The analytics vendor has a data center from which it provides its Cloud services. Your data center has the database and a secure link (highlighted by the red tube) is set up. In the analytics platform, we find your applications, used by your end users. I’ve used ArchiMate here for the architecture drawing. The unbroken-line arrows are Used-By’s, denoting that — for instance — the DataBase Platform is used by the Analytics Platform, or that the Maintenance Application is used by the Cloud Provider’s Engineer. The dotted arrow is a Flow, which signifies that data flows from one to the other. I could have used a Used-By here as well, by the way. The red tube that denotes the secure link is not ArchiMate.

Anywhere? Not Quite.

This works without problems, except for one snag: in your particular case, the analytics program requires low-latency access to the database. For now it is enough to tell you that latency is a very hard limitation in networking and it does not help to use a bigger pipe to the internet. In fact, latency is the one factor that can make much of your bandwidth unusable. See the Aside below for a detailed non-technical explanation if you’re interested. What is important about latency is that it is a direct function of physical distance. It is the boundary to ‘anywhere’ in the phrase ‘Anything, anywhere, anytime’ that is so popular in strategy circles. For all intents and purposes, you can equate low-latency with small-distance. Anywhere? Not quite.

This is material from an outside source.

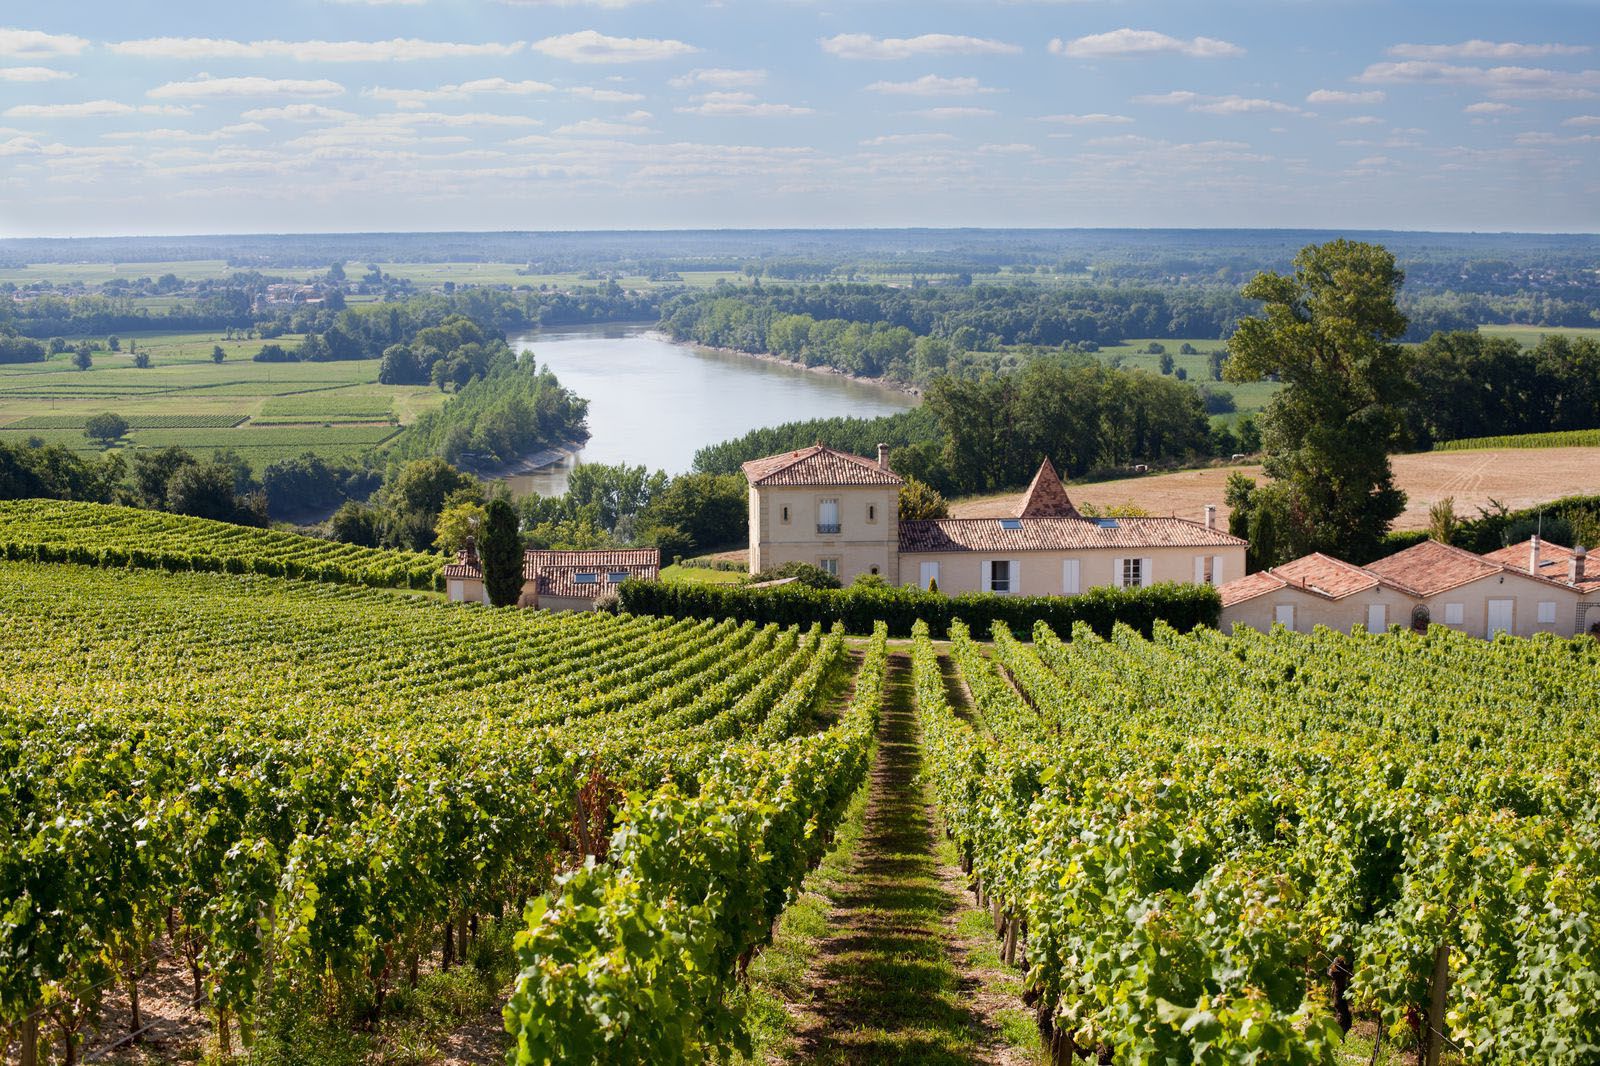 How Château Biac has become a rising star of Côtes de Bordeaux
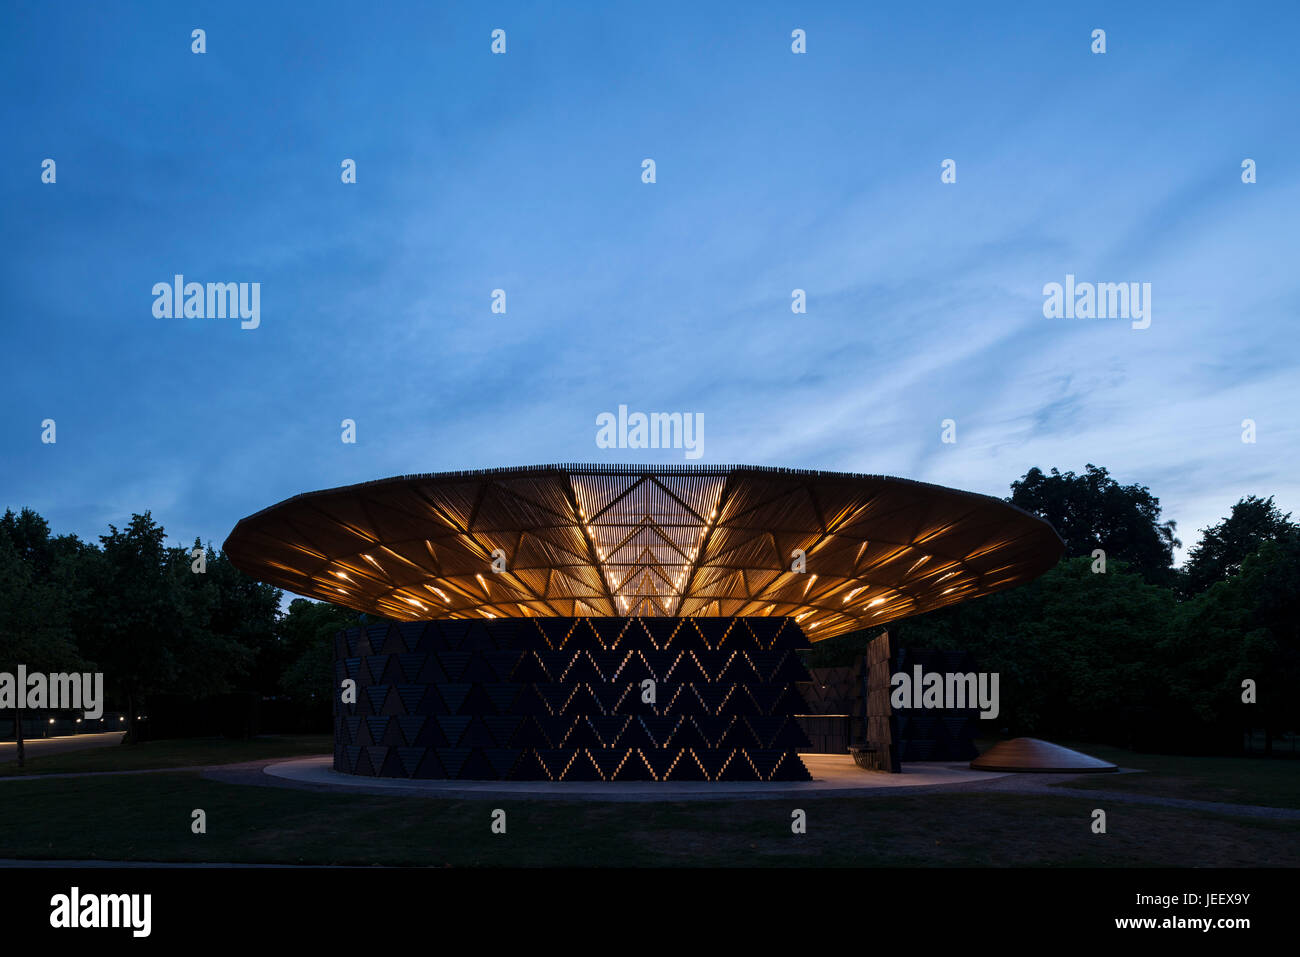 Nachtansicht der Zeit. Serpentin Sommer Pavillon 2017, London, Vereinigtes Königreich. Architekt: Diebedo Francis Kéré, 2017. Stockfoto

In other words, since our analytics platform requires low-latency, or small-distance, to your database, you have two options. One: move the database to the analytics cloud environment, and two: move the analytics to your data center.

Actually, you have a third: choose a different analytics platform that does not require low-latency access to the database, but options may be limited and there may be other adverse architectural effects. For instance, if you have business logic that creates useful combinations of different data elements and that business logic is usable in many settings, you may need in some cases have to build that logic twice in a setting where the analytics platform has its own offloaded copy of the data in its own particular ‘data base’. An operational data store or cache is also not always possible, though there are some smart options.

So, you are left with two choices. Moving your database to the analytics cloud is not a serious option in almost all cases. And that means you are left with the option of moving the analytics platform to your data center where your databases reside. Does that mean you will be incapable of reaping the advantages of the cloud solution? Today, in most cases, yes. But there is a new pattern emerging which may solve this.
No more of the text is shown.